▶ [Problem to work on] All lines in the listing below from the one containing "83 Nissan NX-21" through the last should be written out exactly, and only those.

[Start of section]

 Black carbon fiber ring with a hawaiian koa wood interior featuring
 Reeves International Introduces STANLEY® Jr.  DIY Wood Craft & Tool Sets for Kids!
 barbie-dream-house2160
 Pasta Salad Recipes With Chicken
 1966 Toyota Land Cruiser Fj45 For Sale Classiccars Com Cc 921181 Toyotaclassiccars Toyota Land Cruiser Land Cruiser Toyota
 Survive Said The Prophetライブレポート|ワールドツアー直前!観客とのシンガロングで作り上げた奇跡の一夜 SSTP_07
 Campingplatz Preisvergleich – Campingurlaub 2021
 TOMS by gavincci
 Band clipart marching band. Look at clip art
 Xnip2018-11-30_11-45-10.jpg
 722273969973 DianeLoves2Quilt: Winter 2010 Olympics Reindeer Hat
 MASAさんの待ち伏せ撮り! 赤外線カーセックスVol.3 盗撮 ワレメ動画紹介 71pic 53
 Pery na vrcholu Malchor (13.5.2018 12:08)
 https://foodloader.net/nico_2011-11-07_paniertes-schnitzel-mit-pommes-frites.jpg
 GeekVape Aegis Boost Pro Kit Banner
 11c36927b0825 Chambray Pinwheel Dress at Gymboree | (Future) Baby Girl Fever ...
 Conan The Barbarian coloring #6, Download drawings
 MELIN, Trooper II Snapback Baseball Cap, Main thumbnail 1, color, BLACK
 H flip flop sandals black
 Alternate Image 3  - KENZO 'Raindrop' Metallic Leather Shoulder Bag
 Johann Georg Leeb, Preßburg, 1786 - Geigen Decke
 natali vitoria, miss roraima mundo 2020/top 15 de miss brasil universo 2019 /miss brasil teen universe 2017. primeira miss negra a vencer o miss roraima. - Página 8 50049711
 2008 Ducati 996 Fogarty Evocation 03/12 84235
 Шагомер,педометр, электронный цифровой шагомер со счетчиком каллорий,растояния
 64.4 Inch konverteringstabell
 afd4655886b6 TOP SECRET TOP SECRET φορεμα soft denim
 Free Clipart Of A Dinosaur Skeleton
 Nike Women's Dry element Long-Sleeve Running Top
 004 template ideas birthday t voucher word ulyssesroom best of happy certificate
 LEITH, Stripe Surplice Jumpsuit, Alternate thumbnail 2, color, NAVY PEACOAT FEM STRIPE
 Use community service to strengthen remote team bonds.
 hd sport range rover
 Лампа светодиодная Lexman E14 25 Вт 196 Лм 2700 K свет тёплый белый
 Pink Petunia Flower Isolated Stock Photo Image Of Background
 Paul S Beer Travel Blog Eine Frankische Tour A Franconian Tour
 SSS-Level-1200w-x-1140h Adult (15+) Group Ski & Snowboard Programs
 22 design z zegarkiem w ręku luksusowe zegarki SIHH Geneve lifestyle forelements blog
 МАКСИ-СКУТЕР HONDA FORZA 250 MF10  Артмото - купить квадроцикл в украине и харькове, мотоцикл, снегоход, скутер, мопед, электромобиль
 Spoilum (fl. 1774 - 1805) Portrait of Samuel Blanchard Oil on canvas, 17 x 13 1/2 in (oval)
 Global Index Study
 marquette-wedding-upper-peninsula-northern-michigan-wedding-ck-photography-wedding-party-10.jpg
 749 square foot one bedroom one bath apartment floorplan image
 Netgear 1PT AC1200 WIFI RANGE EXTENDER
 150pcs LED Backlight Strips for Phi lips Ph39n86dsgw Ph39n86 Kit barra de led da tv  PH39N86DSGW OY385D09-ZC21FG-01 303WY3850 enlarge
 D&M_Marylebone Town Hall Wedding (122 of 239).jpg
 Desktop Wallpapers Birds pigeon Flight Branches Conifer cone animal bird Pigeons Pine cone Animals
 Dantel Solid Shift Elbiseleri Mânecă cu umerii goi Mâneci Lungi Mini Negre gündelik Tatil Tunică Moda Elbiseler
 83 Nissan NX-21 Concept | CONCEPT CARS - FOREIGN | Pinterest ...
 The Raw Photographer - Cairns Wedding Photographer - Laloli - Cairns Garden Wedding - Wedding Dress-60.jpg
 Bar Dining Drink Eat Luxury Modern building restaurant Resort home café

[End of section]

▶ [Result for this exercise]
 83 Nissan NX-21 Concept | CONCEPT CARS - FOREIGN | Pinterest ...
 The Raw Photographer - Cairns Wedding Photographer - Laloli - Cairns Garden Wedding - Wedding Dress-60.jpg
 Bar Dining Drink Eat Luxury Modern building restaurant Resort home café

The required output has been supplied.